Dheandra, hanya tersenyum sambil mengambil alih Gerald, dari pangkuan Andra tapi Andra,sigap melarang nya untuk menggendong putra nya yang kini sudah lebih besar.
"Mom... hati-hati kamu tidak boleh mengangkat beban berat, Gerald sudah besar dan tubuh nya berat"ucap Andra yang langsung memindahkan Gerald, ke kursi nya, Dheandra langsung beralih tempat duduk nya wanita itu hendak menyuapi sang putra.
"Gerald, hari ini sekolah nggak, Om mau ajak Gerald, kekantor "ucap Refi.
"Sekolah"ucap Gerald.
"Baiklah pulang sekolah om jemput"ucap Refi lagi.
"Fi... besok kita akan mengadakan tahlil untuk mommy mu, jadi kamu tidak boleh pulang larut kita harus mempersiapkan nya sore ini juga"ucap Dheandra, yang selama ini selalu membantu Refi, untuk mengurus segala keperluan acara tahlilan ibunda Refi.
"Baik Dhe, tapi kamu tidak usah datang aku tidak ingin kamu kecapean"ucap Refi.
"Fi...biar bagaimanapun gue juga saudara Lo, jadi semua adalah kewajiban gue"ucap Dheandra.

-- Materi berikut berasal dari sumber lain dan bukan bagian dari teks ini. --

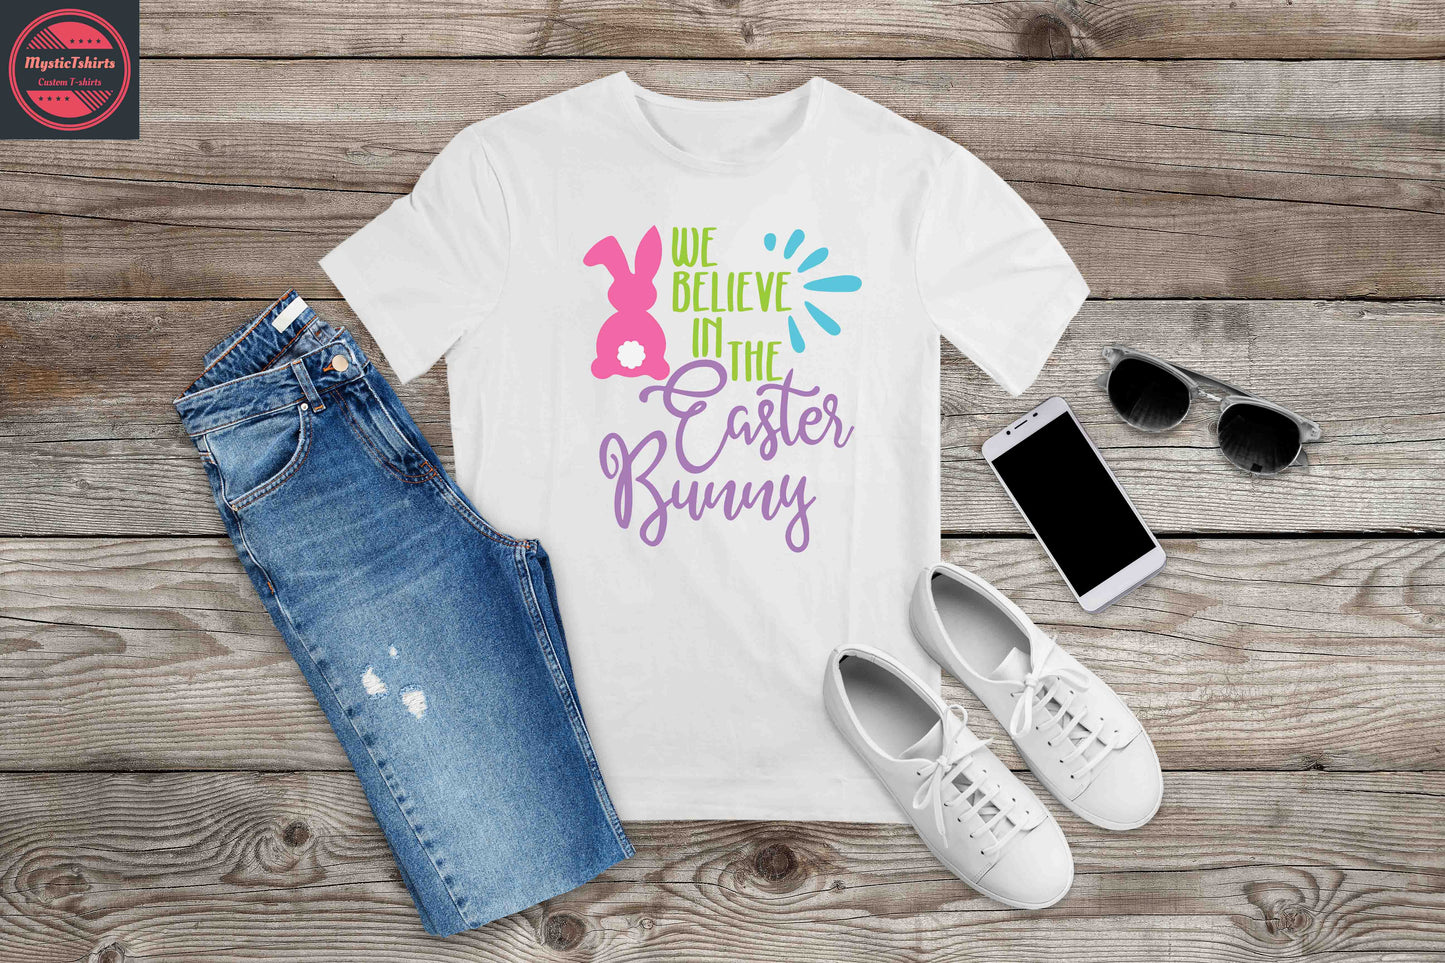 474. WE BELIVE IN THE EASTER BUNNY, Custom Made Shirt, Personalized T-Shirt, Custom Text, Make Your Own Shirt, Custom Tee

"Kita adakan acaranya di sini saja mom...biar orang-orang Daddy yang menyiapkan semuanya"ucap Andra menengahi.
"Aku sih terserah Refi, baiknya gimana"ucap Dheandra.
"Dhe disini atau pun di sana sama saja, sekarang yang terpenting adalah do'a nya yang mommy butuhkan"ucap Refi, yang bahagia karena Dheandra selalu ada untuk nya dan selalu memprioritaskan kepentingan nya.